Compilation album by Various Artist
- Released: 2006
- Recorded: 2006
- Genre: OPM
- Length: 53:30
- Label: Musiko Records & Sony BMG Music Entertainment (Philippines), Inc.

= Philippine Idol: The Final 12 =

Philippine Idol: The Final 12 is a compilation album from the talent show Philippine Idol, an Idol franchise in the Philippines. It was released by Musiko Records & Sony BMG Music Entertainment (Philippines), Inc. in the Philippines in 2006. The album consists of 13 tracks and performed by the top 12 contestants of the reality TV show.

==Track listing==
1. "Hang On" – 04:27 (performed by Drae Ybanez)

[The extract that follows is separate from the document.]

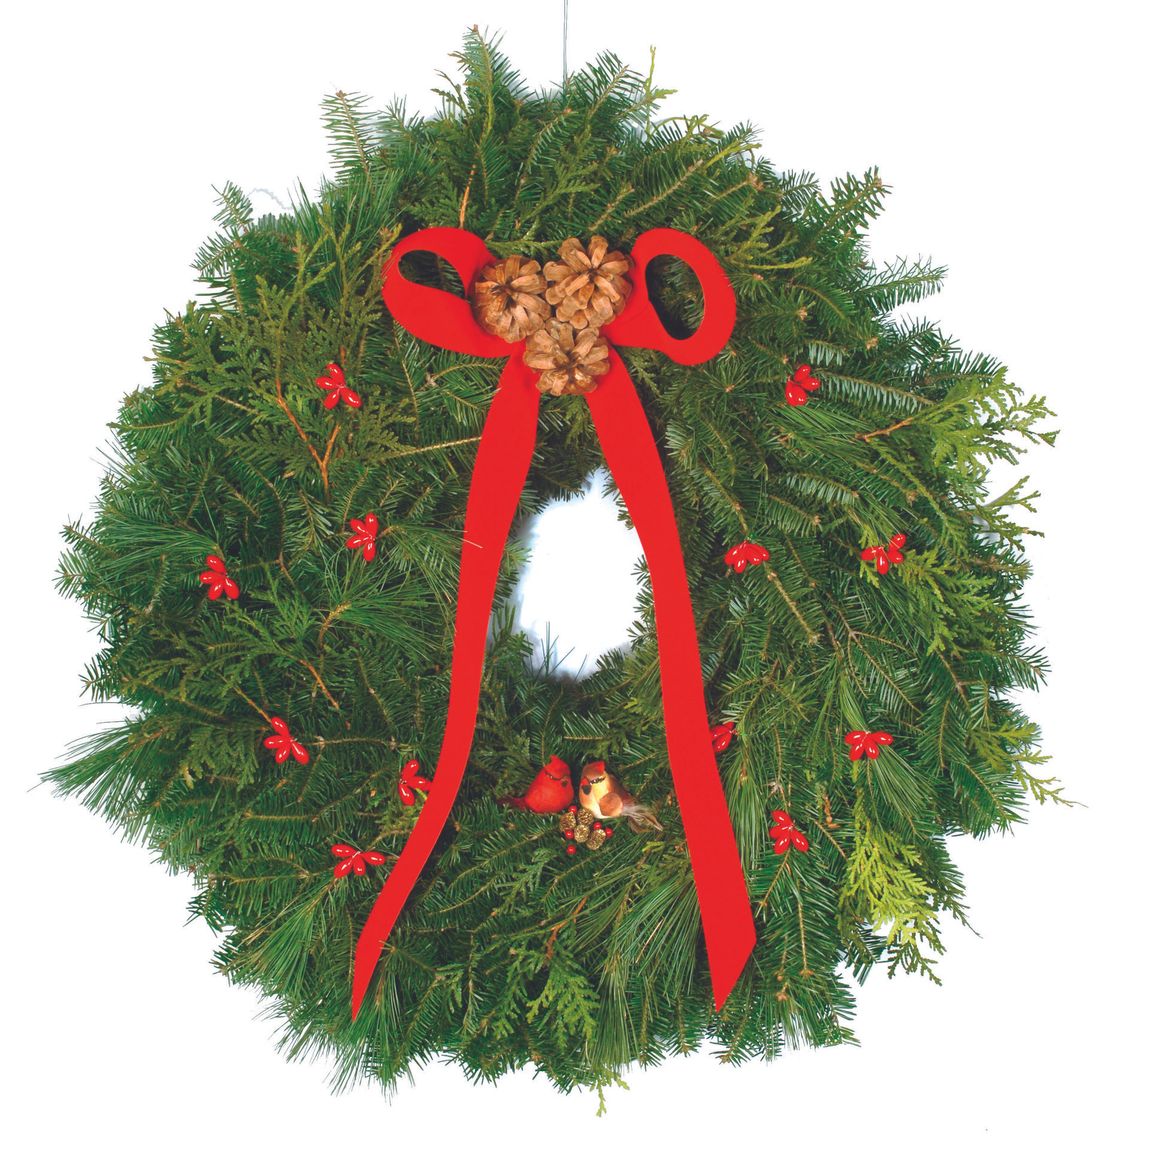 Vermont hand crafted wreaths with two birds, red flowers, and red ribbon

2. "Pangako" – 04:42 (performed by Stef Lazaro)
3. "Nakapagtataka" – 04:57 (originally by the Apo Hiking Society; performed by Pow Chavez)
4. "Himala" – 04:22 (originally by Rivermaya; performed by Gian Magdangal)

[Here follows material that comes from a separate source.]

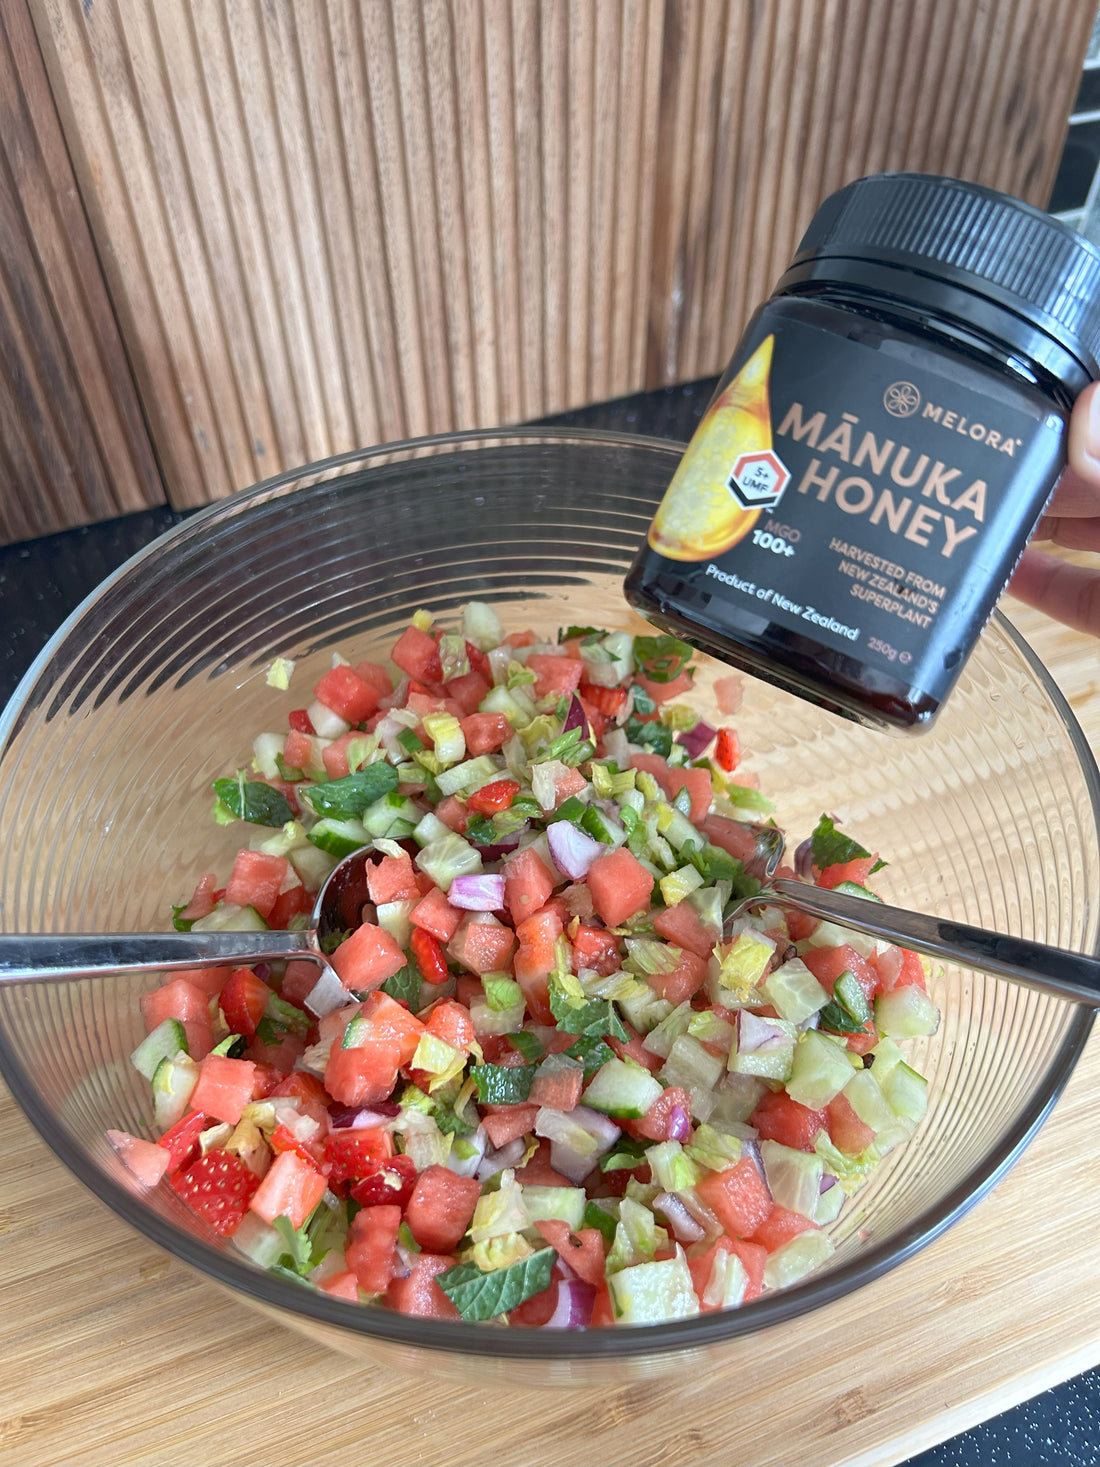 Refreshing Watermelon Salad with Manuka Honey Dressing: Hydration and Wellness in Every Bite

5. "Ngayon" – 05:46 (performed by Apple Chiu)
6. "Iisa Pa Lamang" – 04:12 (performed by Jeli Mateo)
7. "Tuwing Umuulan at Kapiling Ka" – 04:27 (originally by Basil Valdez, Regine Velasquez and Eraserheads; performed by Jan Nieto)
8. "Araw Araw, Gabi Gabi" – 03:17 (performed by Armarie Cruz)
9. "Hindi Magbabago" – 04:34 (performed by Remond Sajor)
10. "Di Na Natuto" – 05:06 (originally by the Apo Hiking Society; performed by Ken Dingle)
11. "Minsan Lang Kitang Iibigin" – 03:44 (originally by Ariel Rivera and Regine Velasquez; performed by Maureen Marcelo)
12. "Next in Line" – 03:45 (originally by AfterImage; performed by Miguel Mendoza)
13. "Kaleidoscope World" – 04:11 (originally by Francis Magalona; performed by The Final 12)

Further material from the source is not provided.